To summarize, we observed that in patients with varicocele there was a reduction in the percentage of sperm bound to hyaluronic acid, indicating decreasing sperm hyaluronidases, which could be associated with a diminution of the ability to penetrate the cumulus and perform fertilization. Additionally, we found a positive correlation between HBA results and NAG levels and a negative correlation between HBA results and SCD, indicating an association between reduced hyaluronidase with an increase in DNA fragmentation (r = −0.30), as shown in a previous report ; however, this correlation was much lower than that observed between HOST results and SCD (r = −0.64). As in a previous report we found a positive correlation between HBA and semen quality .

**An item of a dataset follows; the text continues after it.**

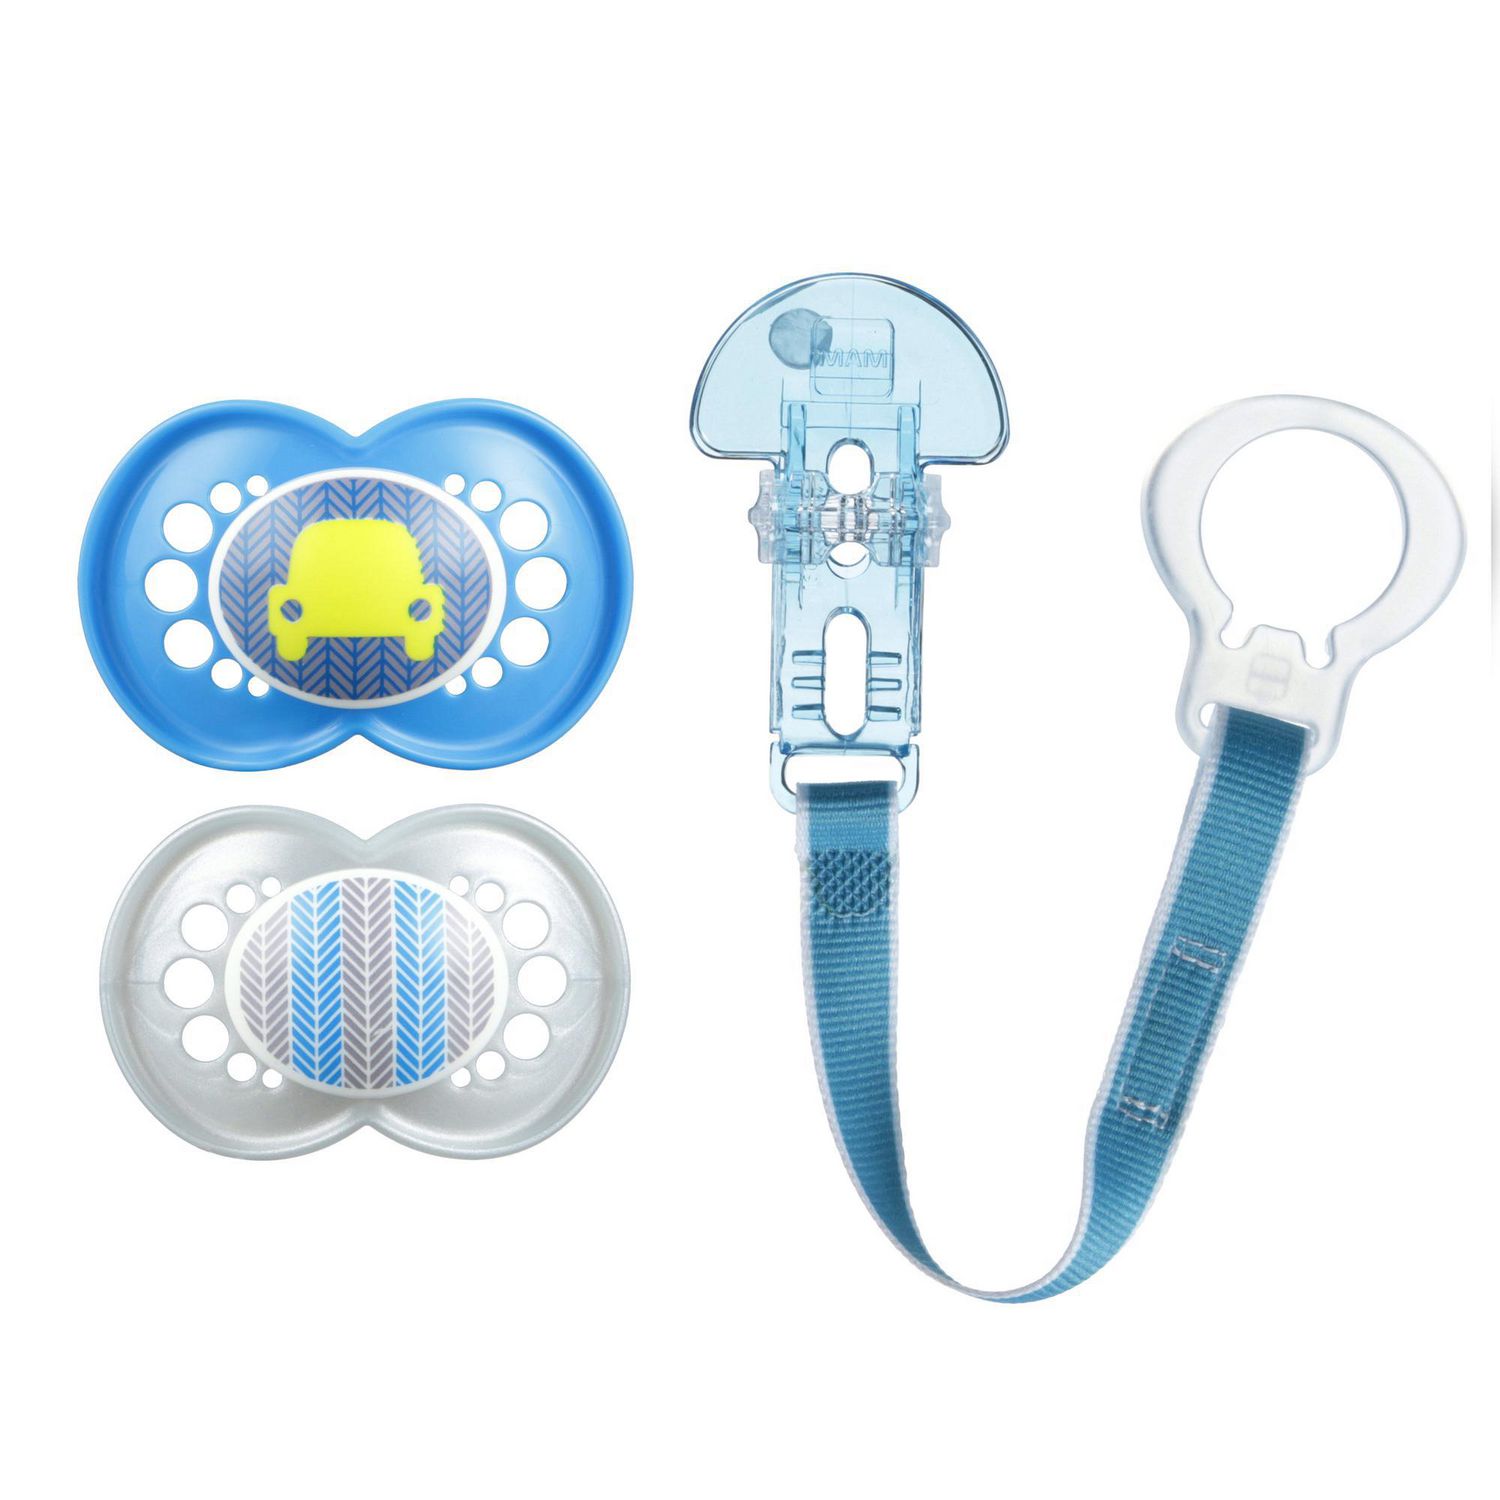 2 Pacifiers & 1 Clip Baby Pacifiers “I Love Daddy” Design Baby Pacifier Clips MAM Pacifier and MAM Pacifier Clip Value Pack Designs May Vary Pacifiers 0-6 Months for Baby Boy 
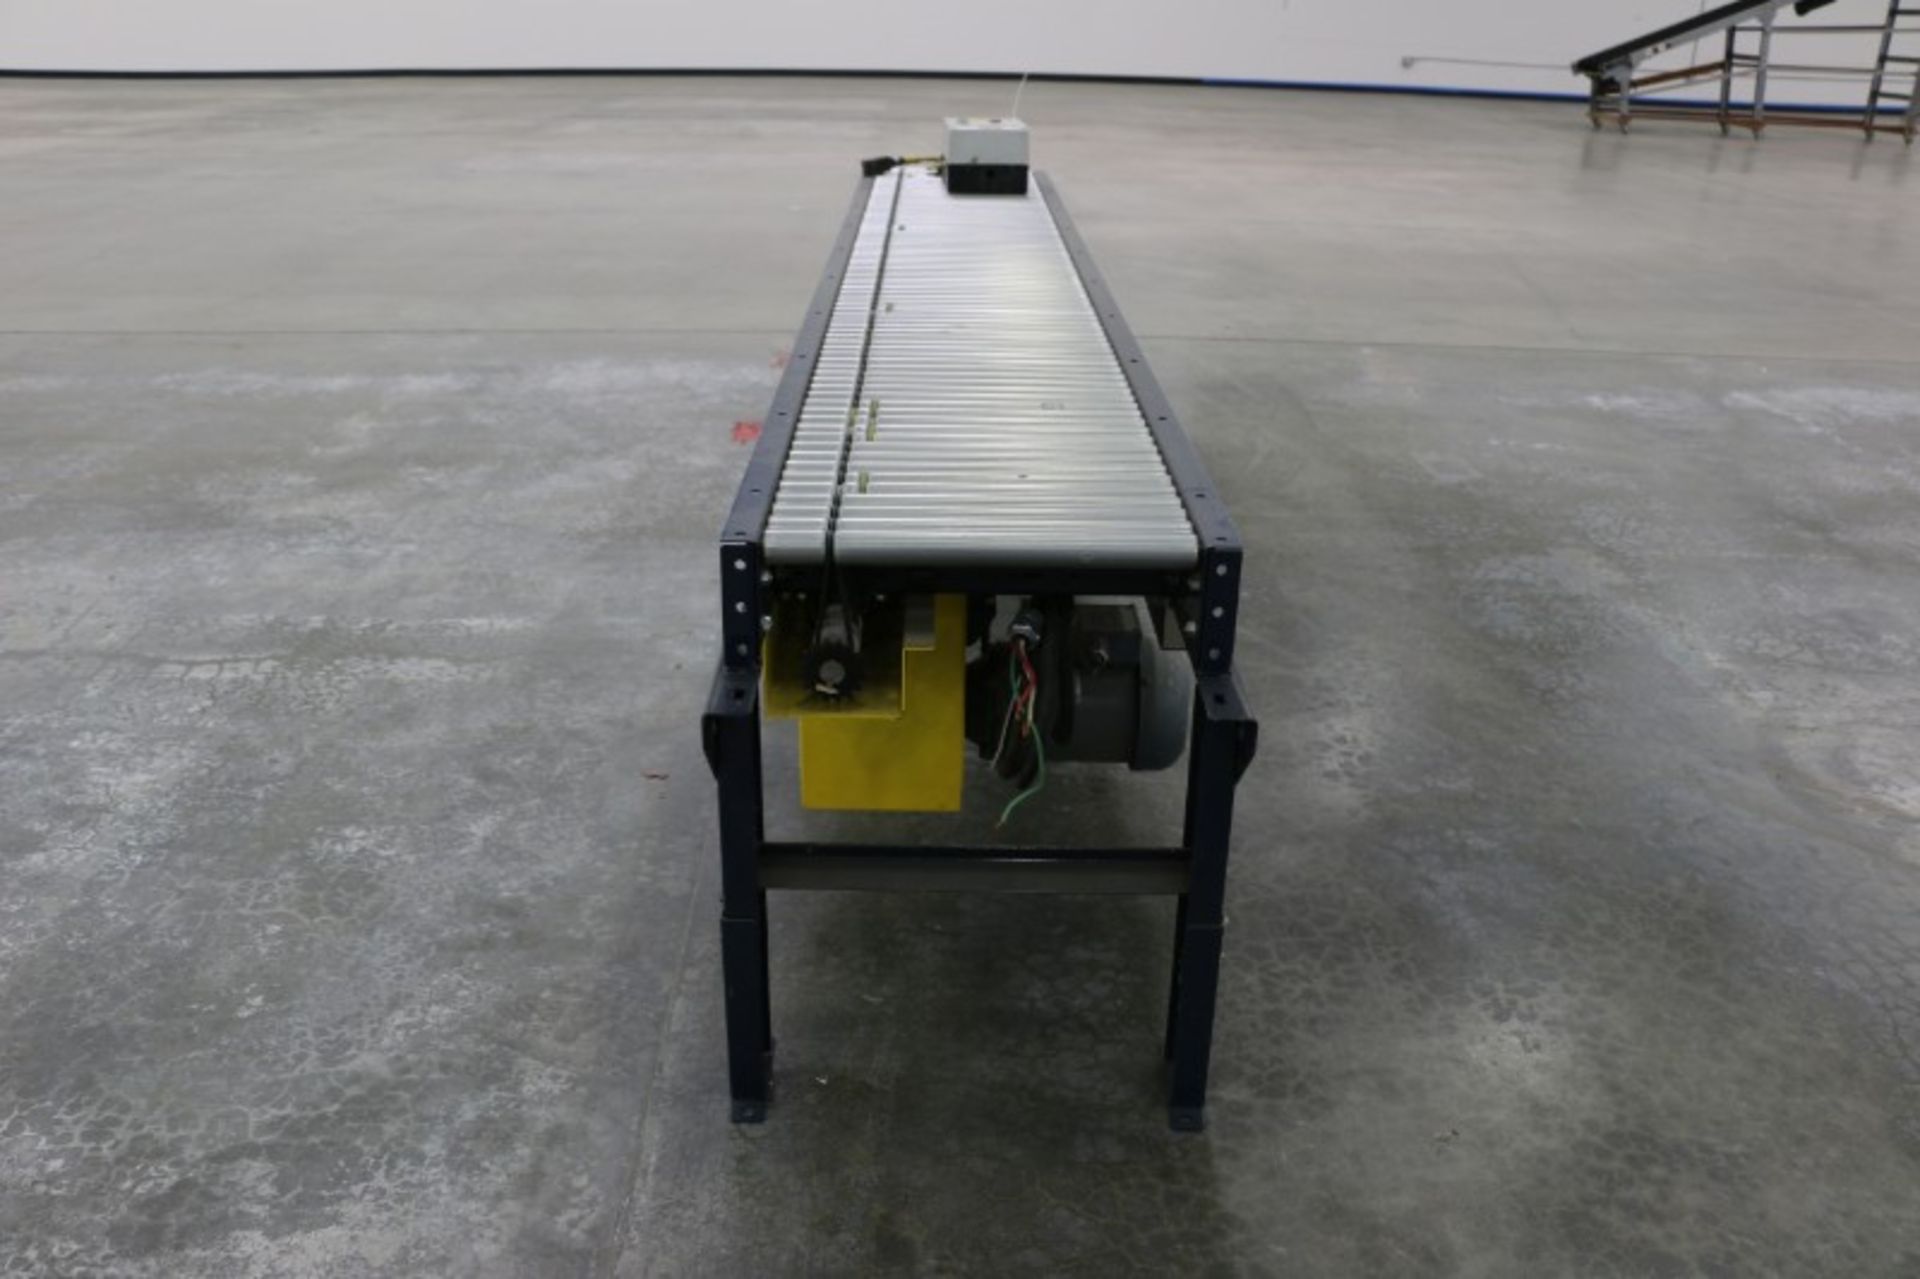 (3) Powered Roller Conveyer, 120"L x 20"W, 1 speed control, each with electric motor

We concluded that men with varicocele have lower levels of NAG activity in the semen as well as a reduction of sperm binding to hyaluronic acid, whereas DNA fragmentation levels were much higher. Additionally, we observed a strong correlation between lower levels of NAG and greater DNA fragmentation and a positive correlation between NAG and HBA results of lower magnitude. These results indicate that varicocele may compromise not only the testis but also the epididymis, causing a reduction in seminal quality measures and impaired quality of the sperm membrane and nucleus.